MRI data acquisition

All participants completed functional and structural MRI on a 3.0 T Siemens Verio MRI scanner (Siemens Medical Solutions, Erlangen, Germany) at Shanghai Mental Health Center. To rule out the effect of the medication, the patients did not take medicine before the MRI scanning, and they received regular pharmacological treatments after the scan. The time from enrollment was usually 2–3 days and no more than a week. After three‐plane localizer, an anatomical scan was acquired with a T1‐weighted magnetization prepared rapid gradient echo sequence (192 sagittal slices, echo time TR/TE/TI = 2,300/2.96/900 ms, flip angle = 9°, FOV = 256 mm, matrix = 256 × 240, slice thickness/gap = 1.0/0.0 mm). An 8′30″ resting‐state fMRI (rs‐fMRI) was acquired subsequent to T1 image with an echo‐planar imaging sequence (45 axial slices, acquired from inferior to superior in an interleaved manner, TR/TE = 3,000/30 ms, flip angle = 85°, FOV = 216 mm, matrix = 72 × 72, slice thickness/gap = 3.0/0.0 mm, 170 volumes). Subjects were instructed to close their eyes and remain awake during the MRI scan. Awakeness during MRI acquisition was confirmed in a brief interview after the scanning.

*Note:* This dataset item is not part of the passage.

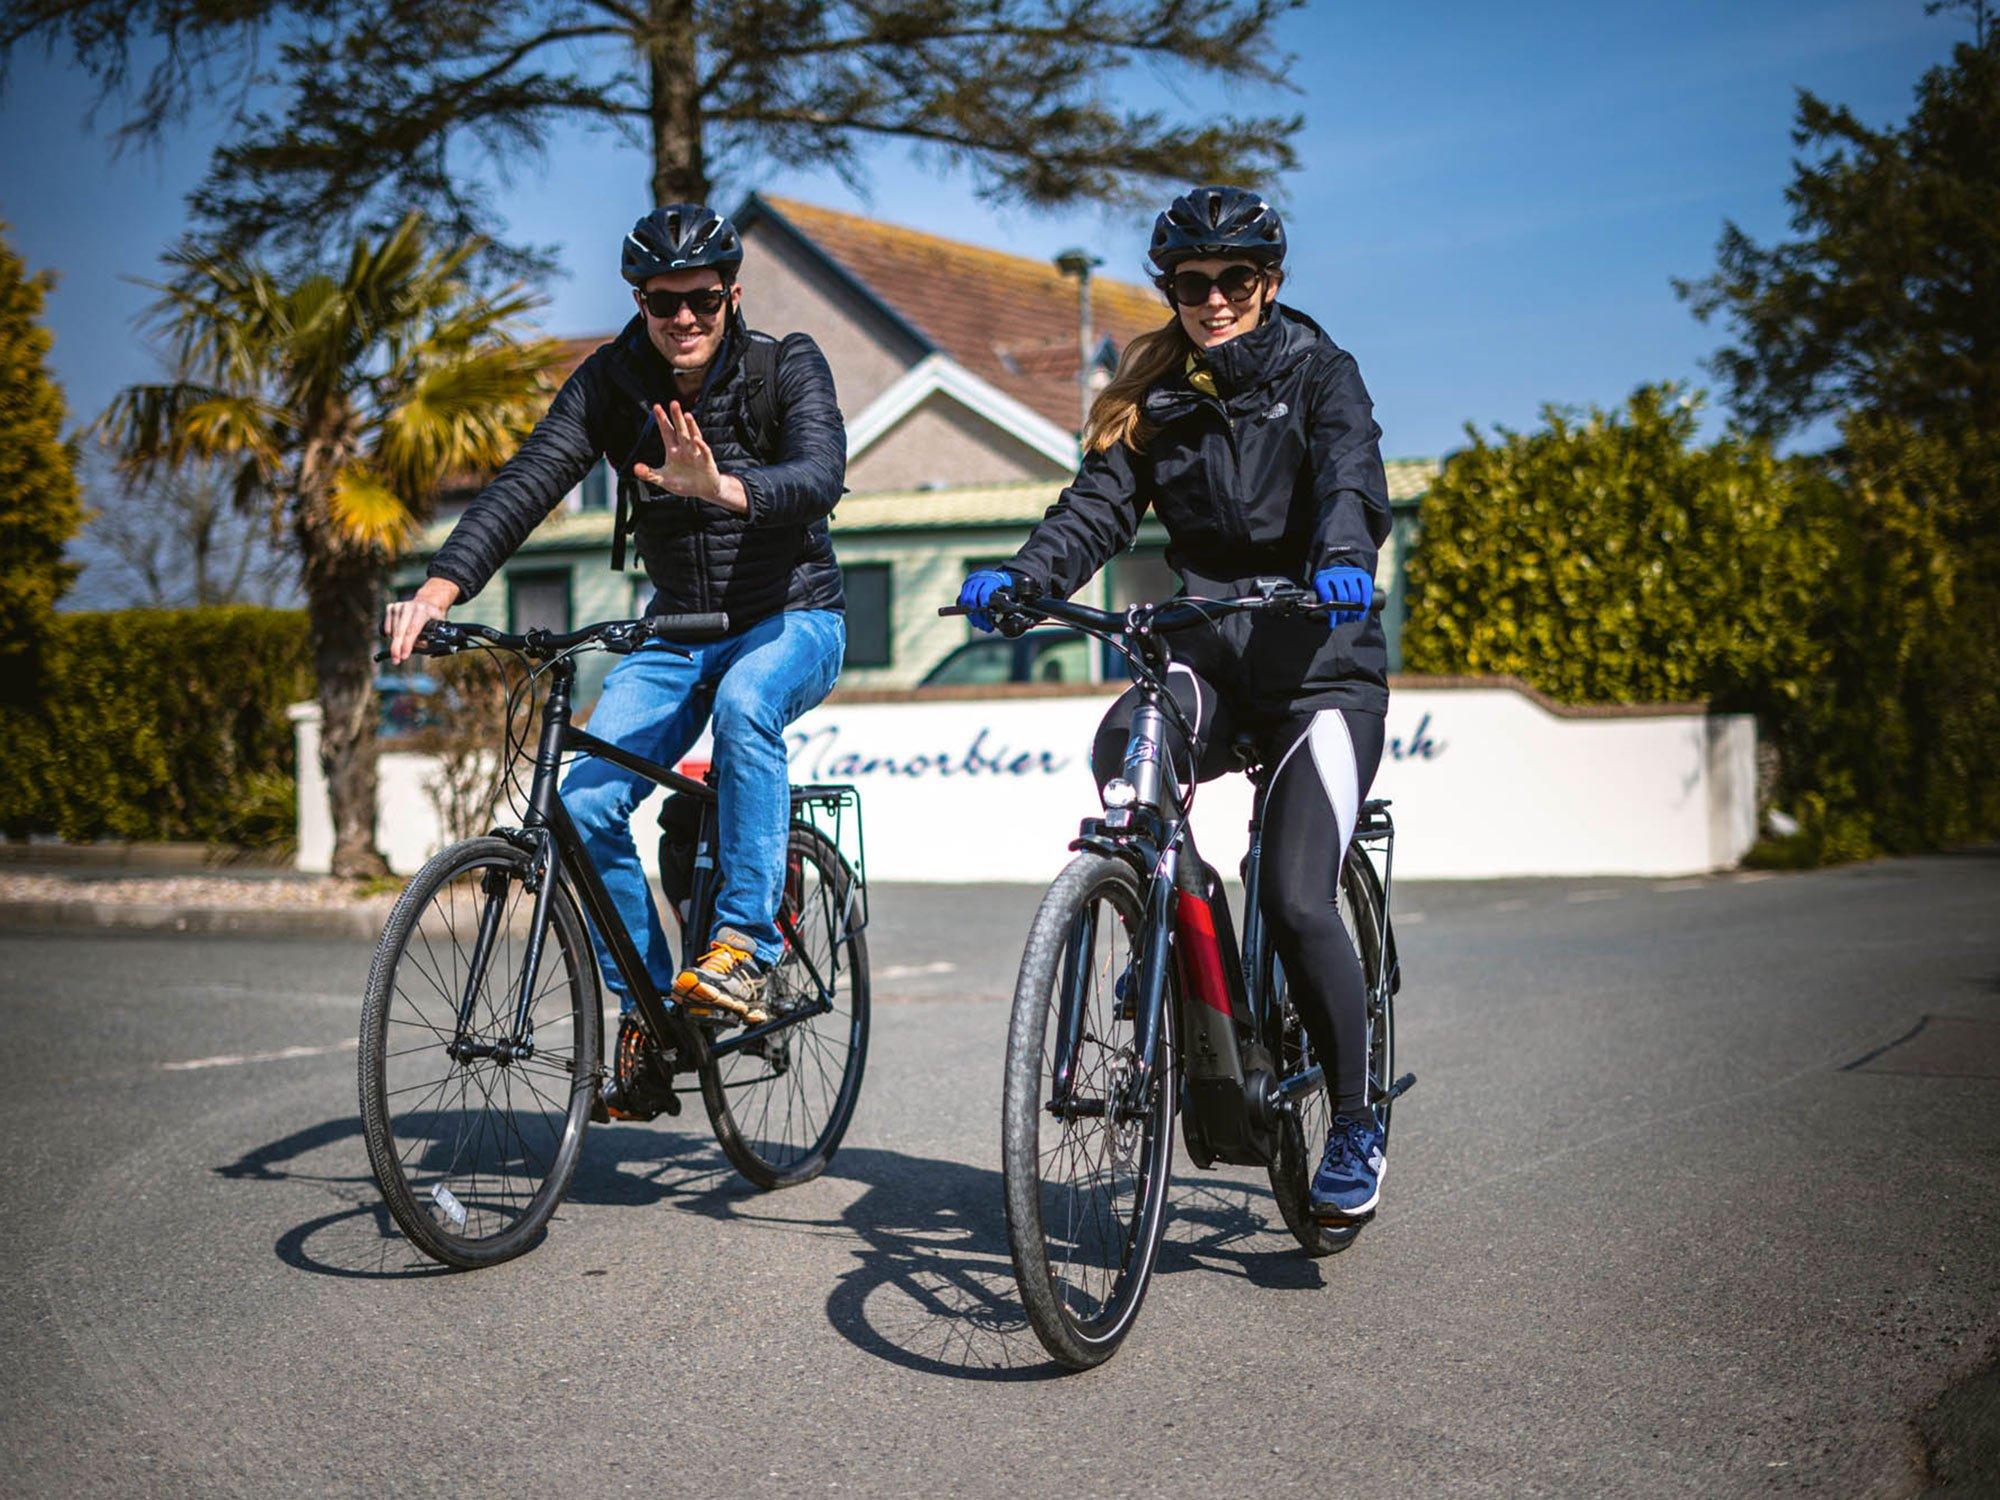 Pembrokeshire Bike Hire and Electric Bike Hire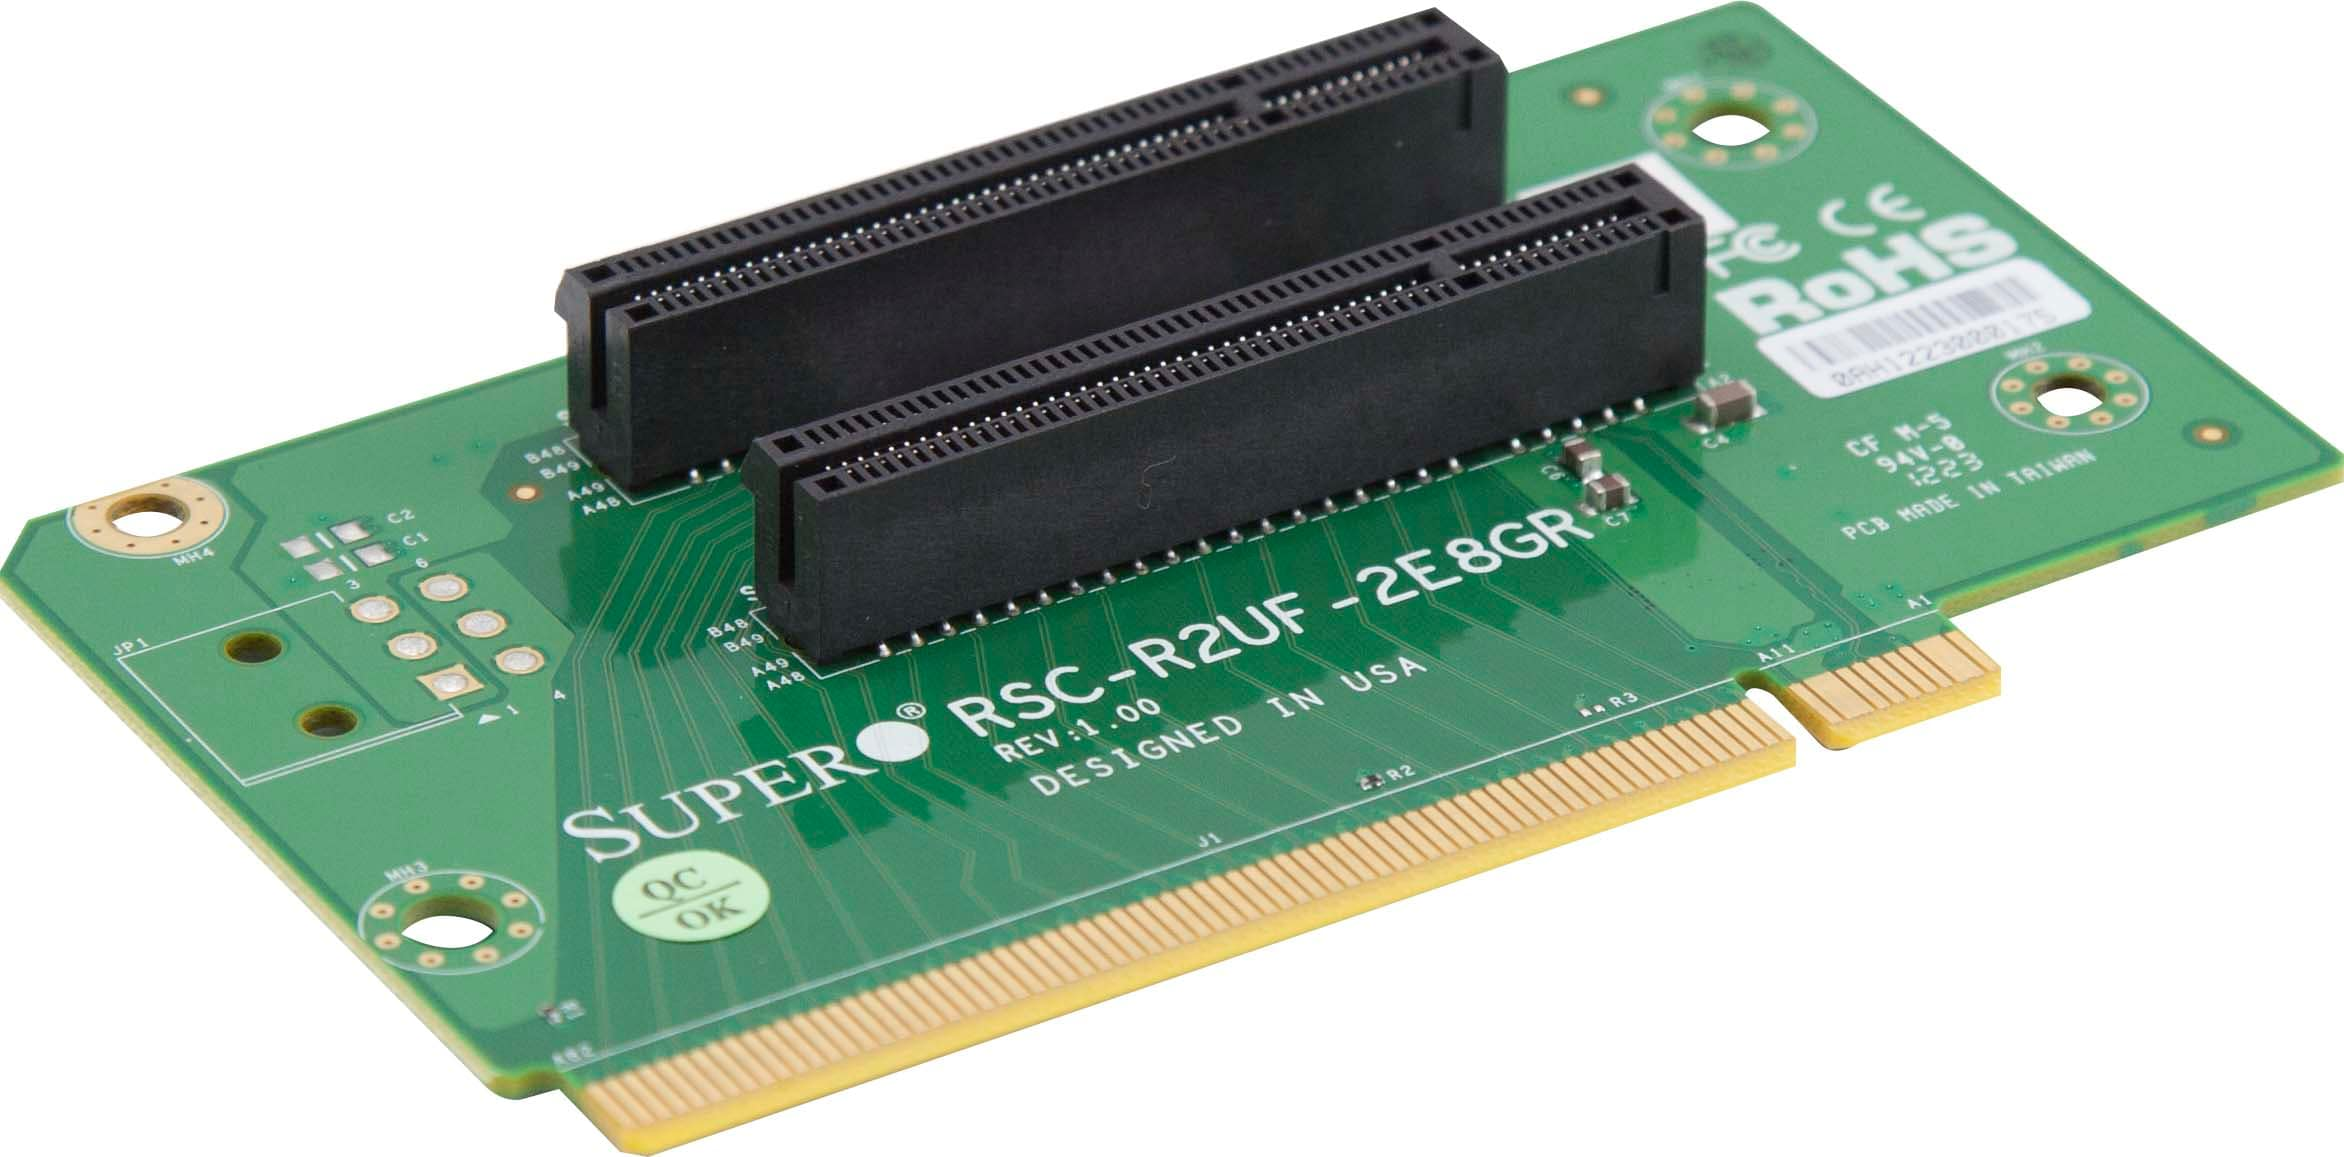 Zdjecie - RSC-R2UF-2E8GR - Supermicro

MRI preprocessing and quality control

After quality control of raw data, T1‐weighted structural images were bias corrected and segmented into gray matter, white matter, and cerebrospinal fluid using Volbrain (Version 1.0; Manjon & Coupe, 2016) and then nonlinearly transformed into MNI152 standard space using ANTs (Version 2.2; Tustison et al., 2014). As for rs‐fMRI images, the following steps were applied using FSL (Version 5.0.11; Jenkinson, Beckmann, Behrens, Woolrich, & Smith, 2012) and AFNI (Cox, 2012; Version 17.2.07): (a) discarding the first 10 volumes; (b) head motion correction; (c) slice time correction; (d) registration to corresponding structural images with boundary‐based registration (Greve & Fischl, 2009); (e) scaling the data to a global mean intensity of 10,000; (f) band‐pass temporal filtering (0.01–0.1 Hz). The preprocessed fMRI images were finally transformed into MNI152 space and resampled into 3 × 3 × 3 mm3. Of note, for ICA‐based functional connectivity analysis, the common nuisance regression was omitted by considering the facts that previous studies have demonstrated that nuisance regression could potentially remove brain activity signals besides noises (Bright & Murphy, 2015) and ICA could split noises from brain activities in a data‐driven manner and thus mitigate the influence of noises (Du et al., 2016). For ROI‐based functional connectivity analysis, nuisance regression was additionally applied before temporal filtering. The nuisance regressors included mean signals of white matter and ventricles, Friston's 24‐parameter motion model and motion outliers. The white matter and ventricle masks were created by combining individual‐level segmentation results and tissue priors from Harvard‐Oxford Subcortical Atlas in FSL (https://fsl.fmrib.ox.ac.uk/fsl/fslwiki/Atlases). The volumes with frame‐wise displacement (FD) higher than 0.5 mm were treated as motion outliers.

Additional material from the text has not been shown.